Ele beijava o meu pescoço e o cavanhaque me raspava num rastro cheio de calafrios e esquecimento.
Tudo por causa do meu carro imaginário, claro. Eu não tenho, nunca tive e não pretendo ter um carro. Fobia particular.
O sujeito sempre foi ótimo em fugir das minhas perguntas, fáceis ou complicadas. Ótimo em imitar o T.S. Elliot recitando Wasteland - april is the crrrrrruelest month. Ótimo em fazer cara de bonzão e me espiar por cima dos óculos. Ótimo em cantar desafinando de propósito no meu ouvido. Ótimo em me arrastar entre corredores cheios de livros esquecidos, às vezes pra me beijar, às vezes pra me mostrar um poema qualquer, às vezes só pra me puxar pela mão, mesmo.
A gente costumava andar de mãos dadas fazendo caras intelectuais, brincando de Sartre e Beauvoir. Ele carregava sempre uma caneta presa entre os botões da camisa, parecia que a qualquer instante ele ia ter um surto e escrever um romance cheio de delírios com ela, rasgando paredes e troncos de árvore. Ele até disse que ia escrever um poema na minha pele, mas foi outra das tantas coisas que ficaram pra "um dia desses", o que todo mundo sabe que significa "nunca".

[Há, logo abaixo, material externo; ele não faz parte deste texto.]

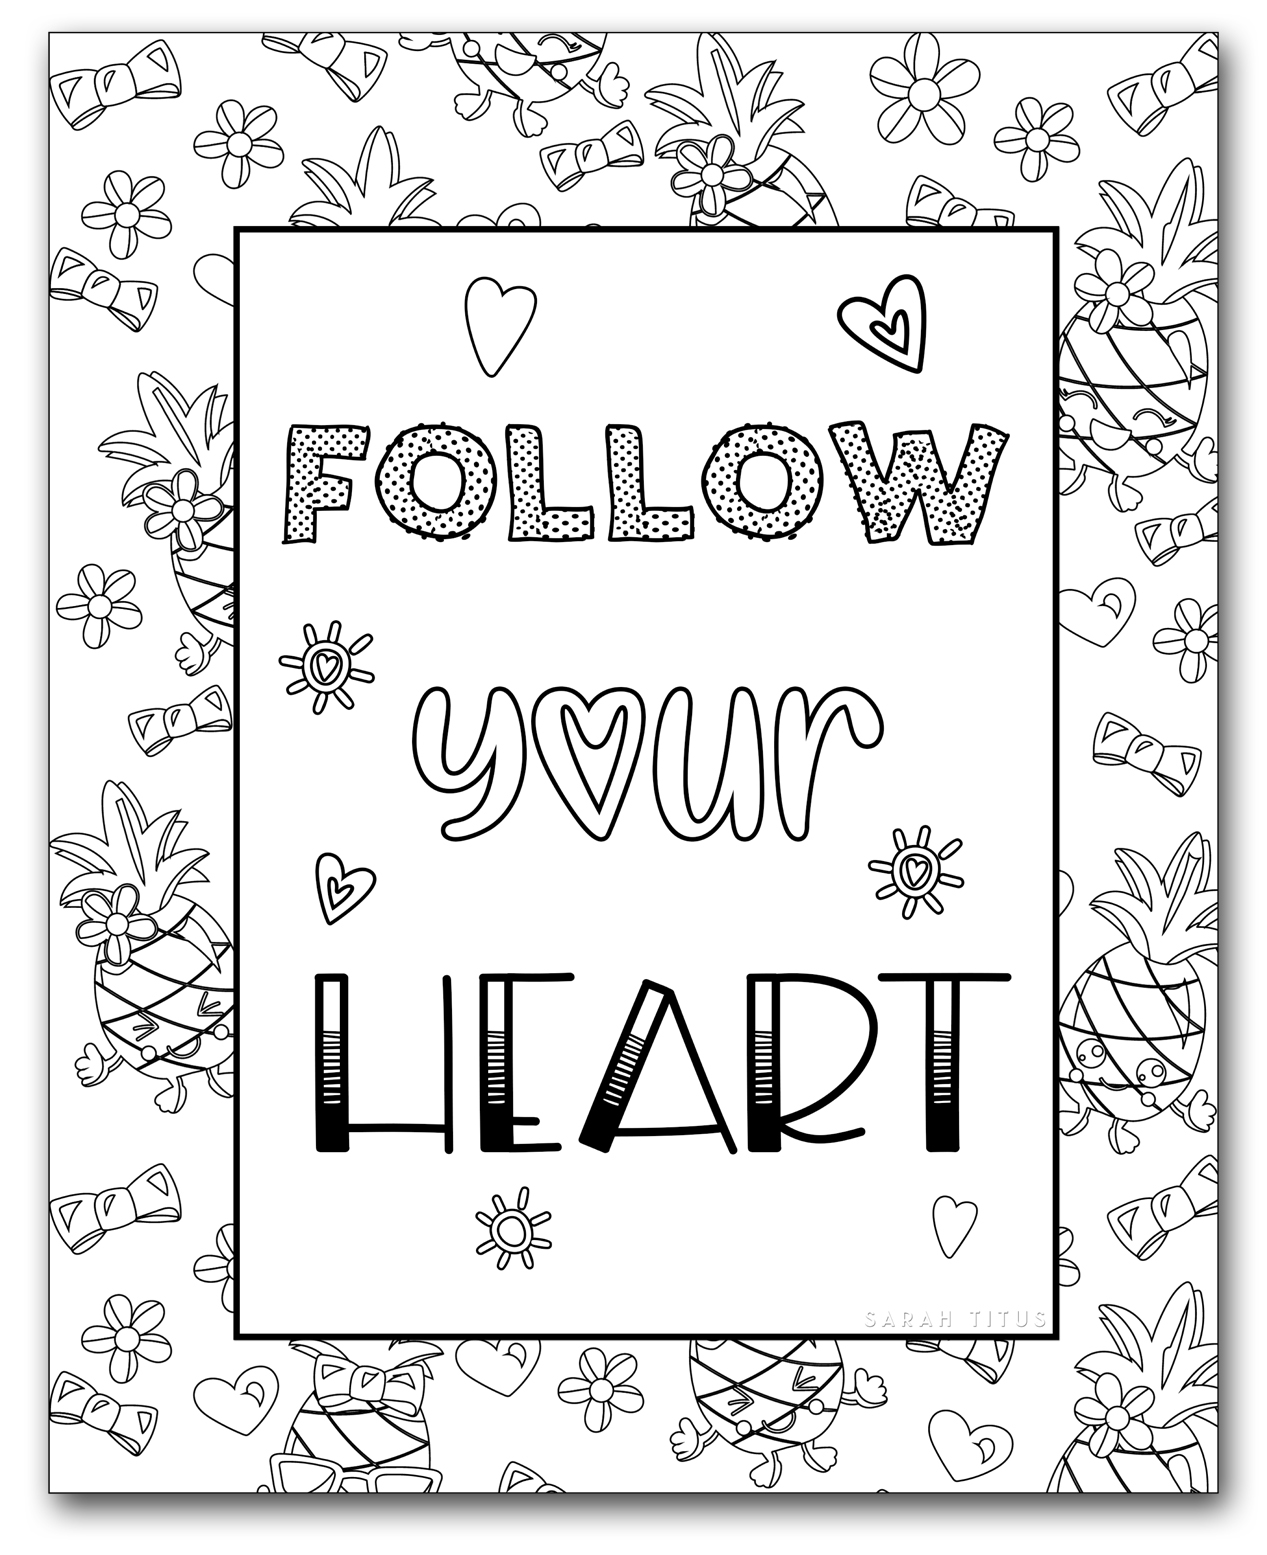 https://www.sarahtitus.com/wp-content/uploads/2018/08/Printable-Coloring-Pages-for-Girls.jpg

Naquele dia, depois que escureceu, nós ficamos vagando trôpegos por gramados esburacados. Onde? Nas nossas cidades de sonho, Londres, Paris, Veneza. Era como se eu estivesse bêbada, presa à ele por um cordão que saía da minha alma e se perdia na tinta daquela caneta dele.
Acho que peguei gripe aquela noite. Caía uma garoa fina e meu casaco estava esquecido na bolsa, enrolado em livros emprestados. Que me importava a febre, a tosse? Sob os postes com lâmpadas foscas, a mão dele traçou caminhos insólitos na minha carne.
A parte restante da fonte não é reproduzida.